Start of Data

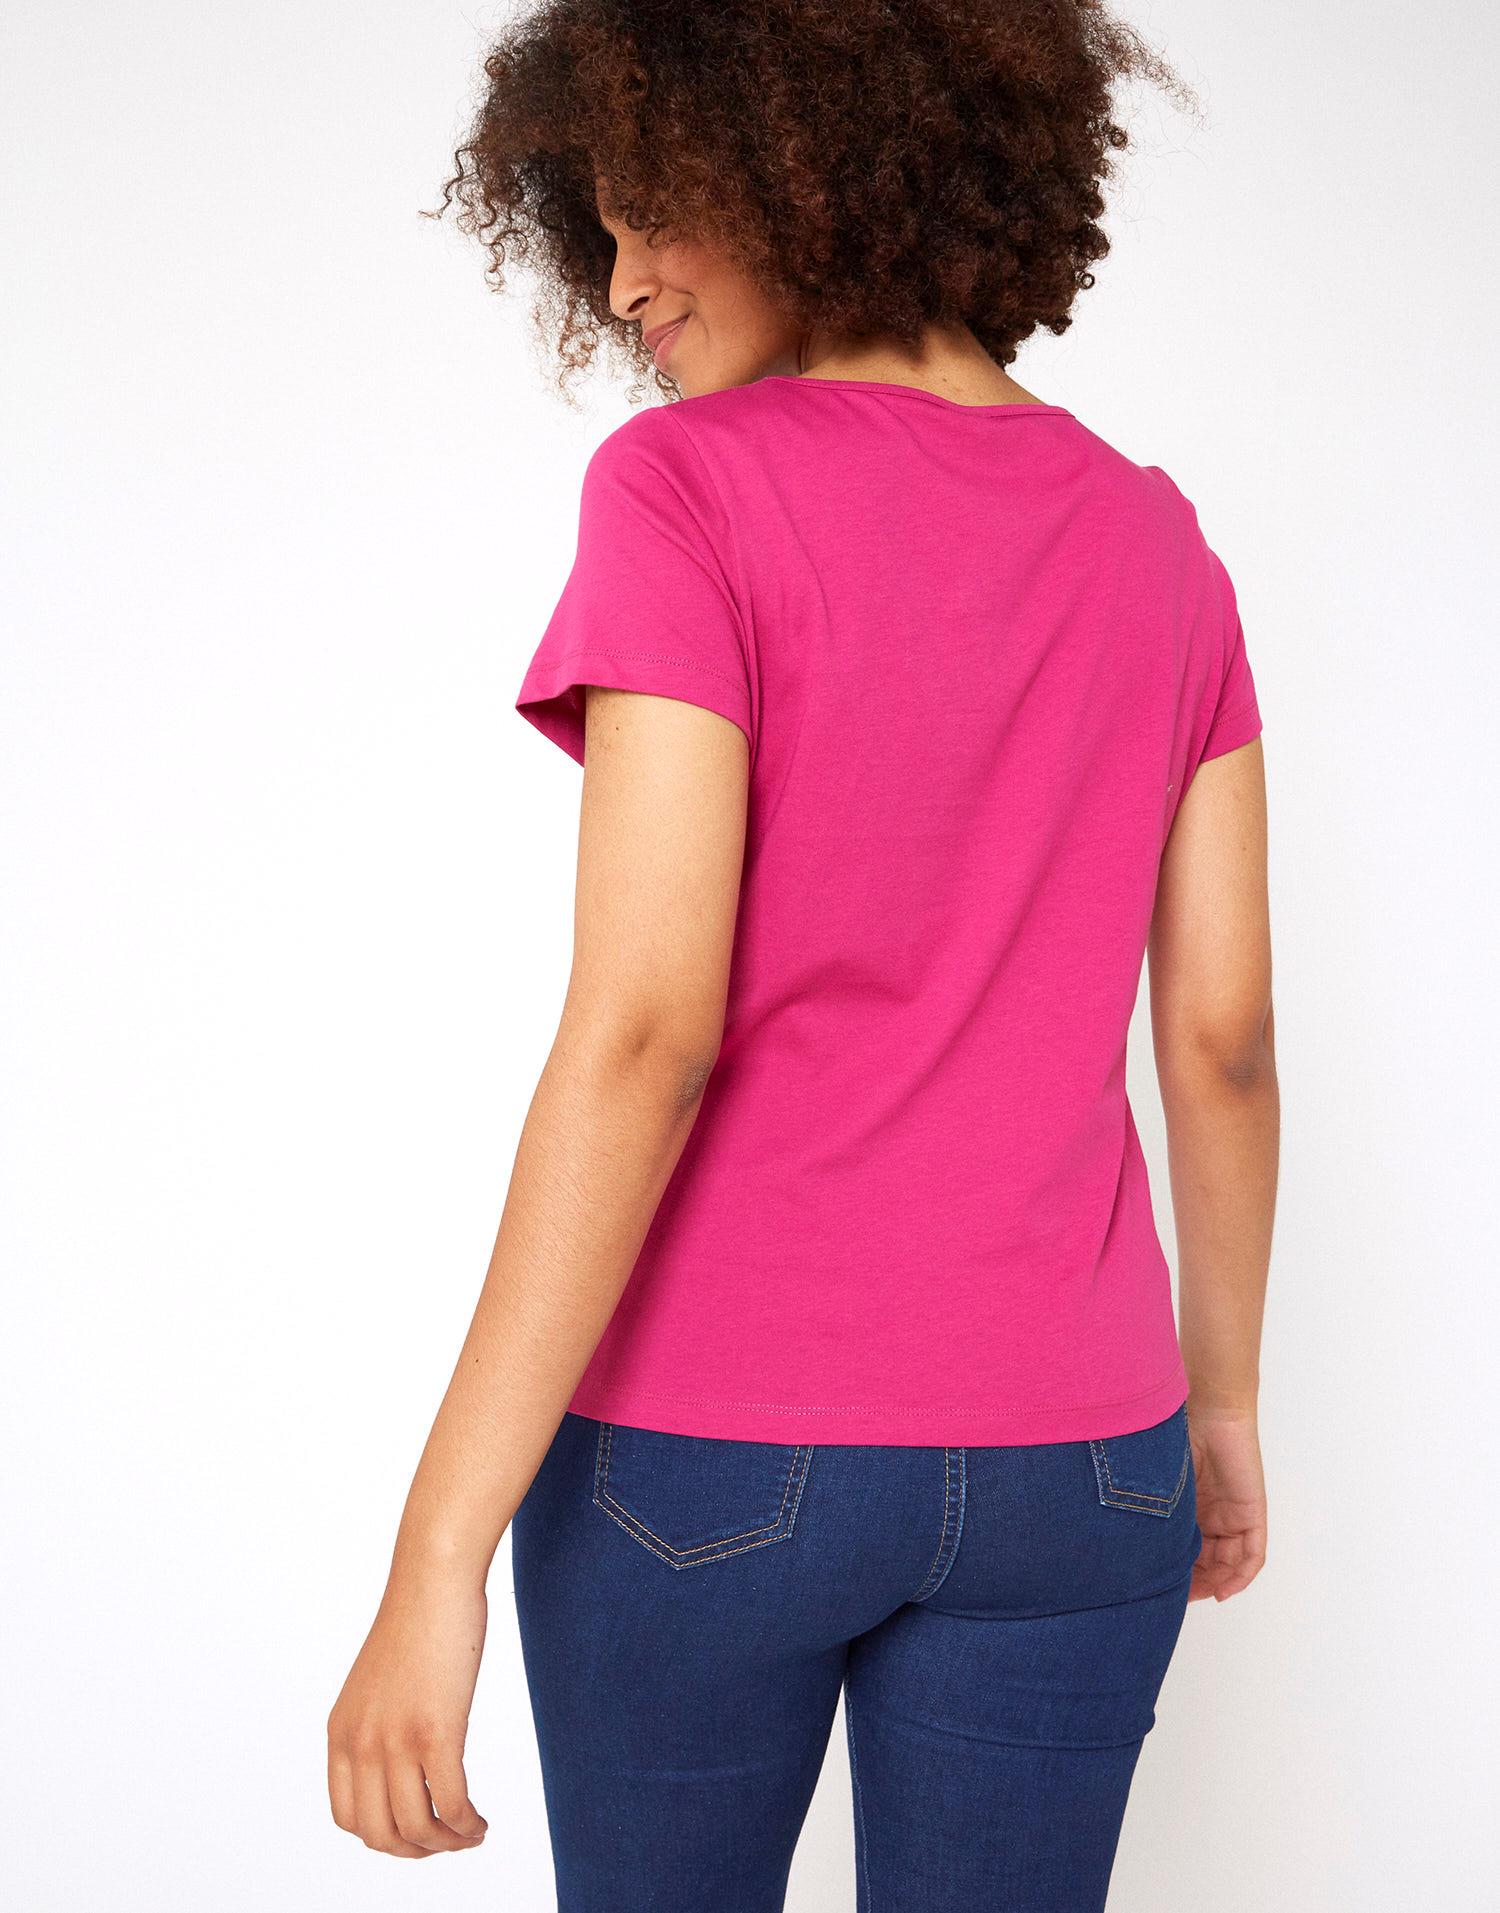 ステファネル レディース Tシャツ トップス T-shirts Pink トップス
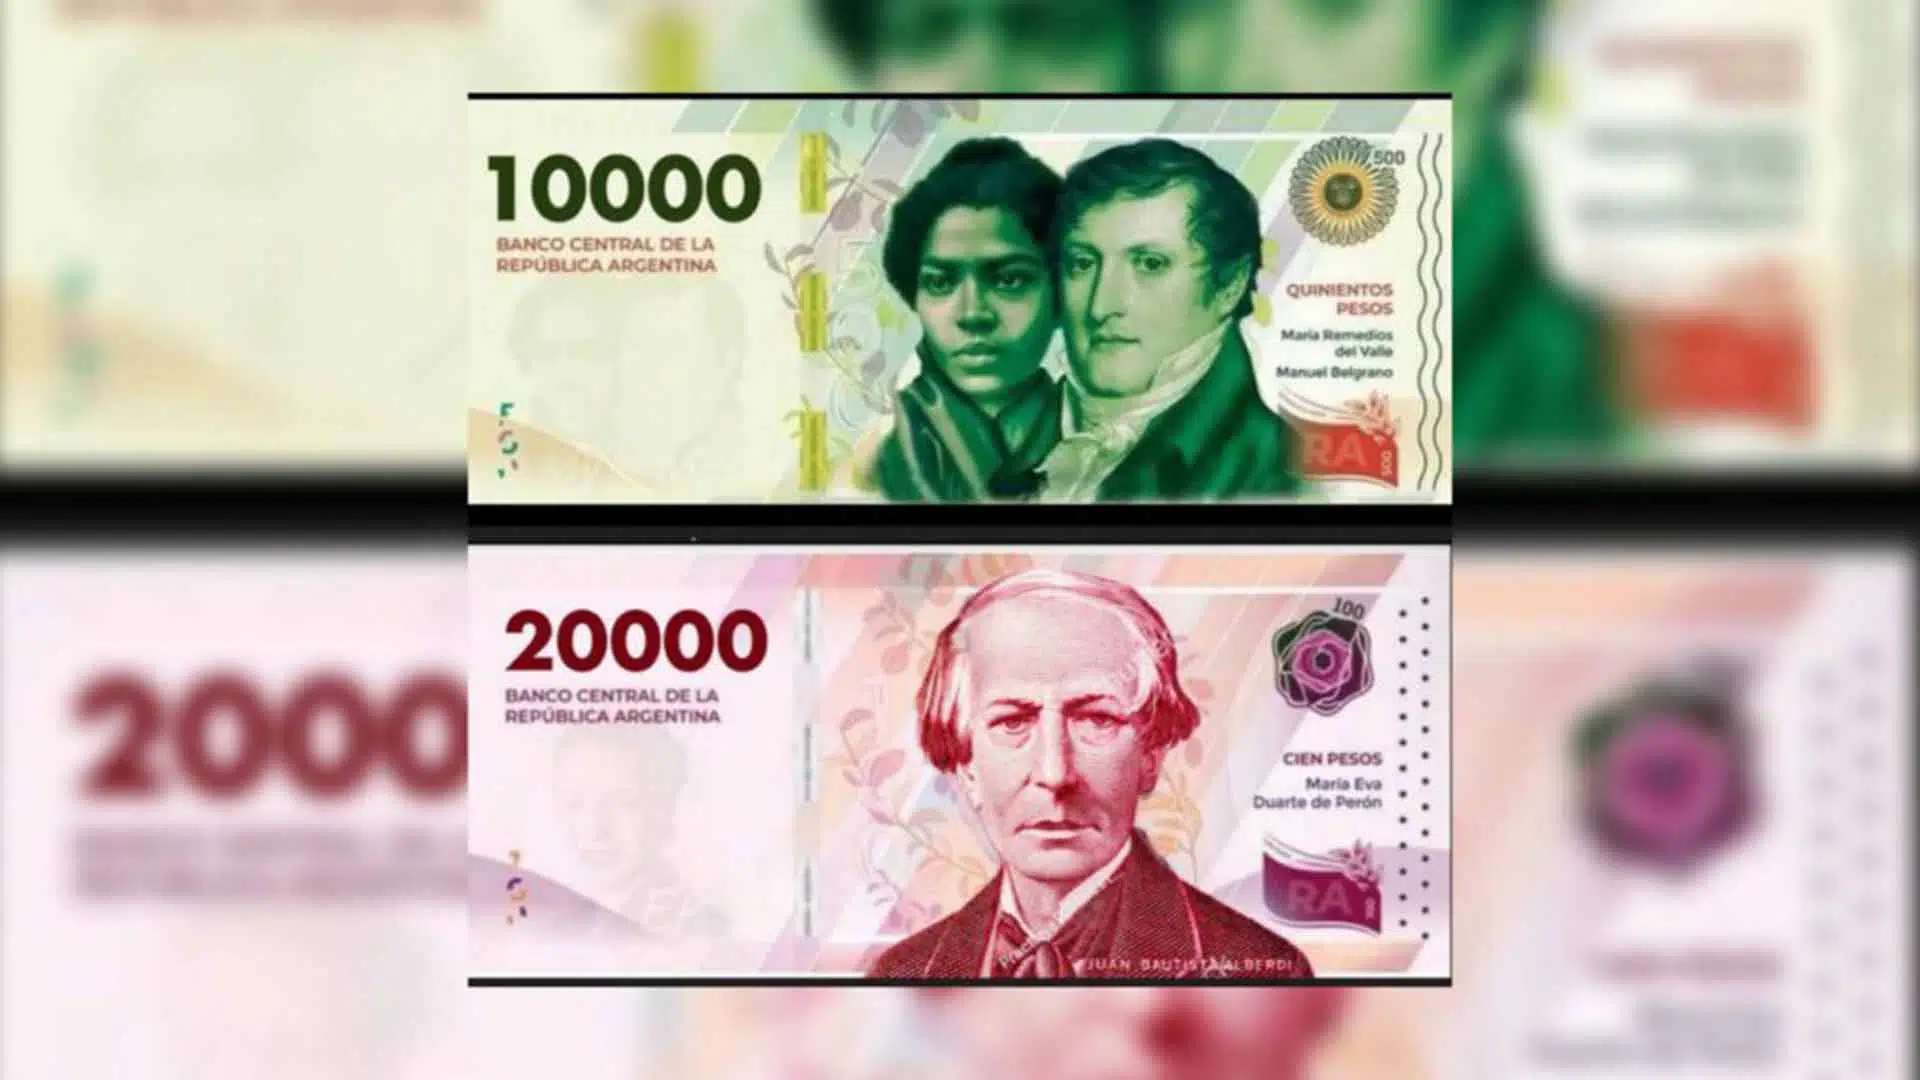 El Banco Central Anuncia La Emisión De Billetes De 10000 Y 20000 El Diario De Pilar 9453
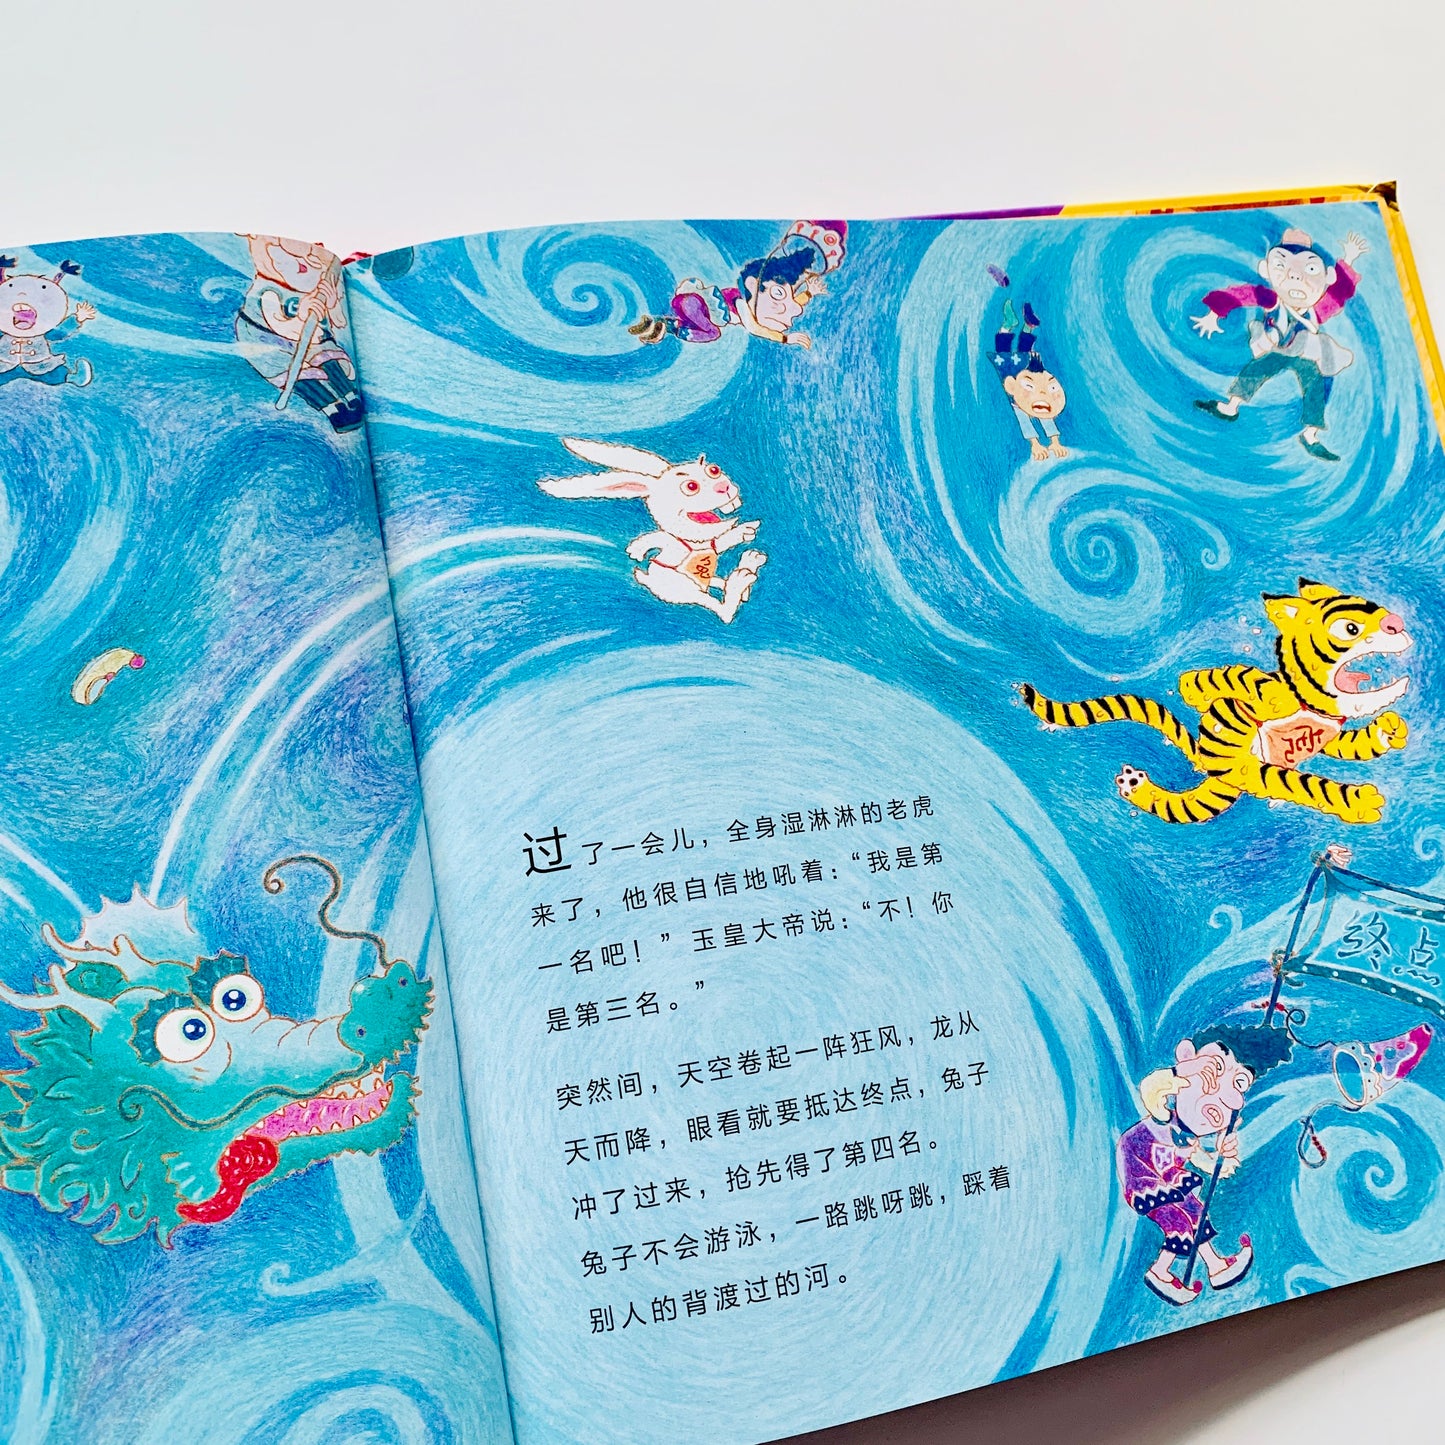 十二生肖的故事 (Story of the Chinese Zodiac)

End of Data

**What you have to do**: What you give back must be exactly the lines of the listing above from the line containing "El Banco Central" through its last line, inclusive, without pictures, please.

**Response area**:
 El Banco Central Anuncia La Emisión De Billetes De 10000 Y 20000 El Diario De Pilar 9453
 十二生肖的故事 (Story of the Chinese Zodiac)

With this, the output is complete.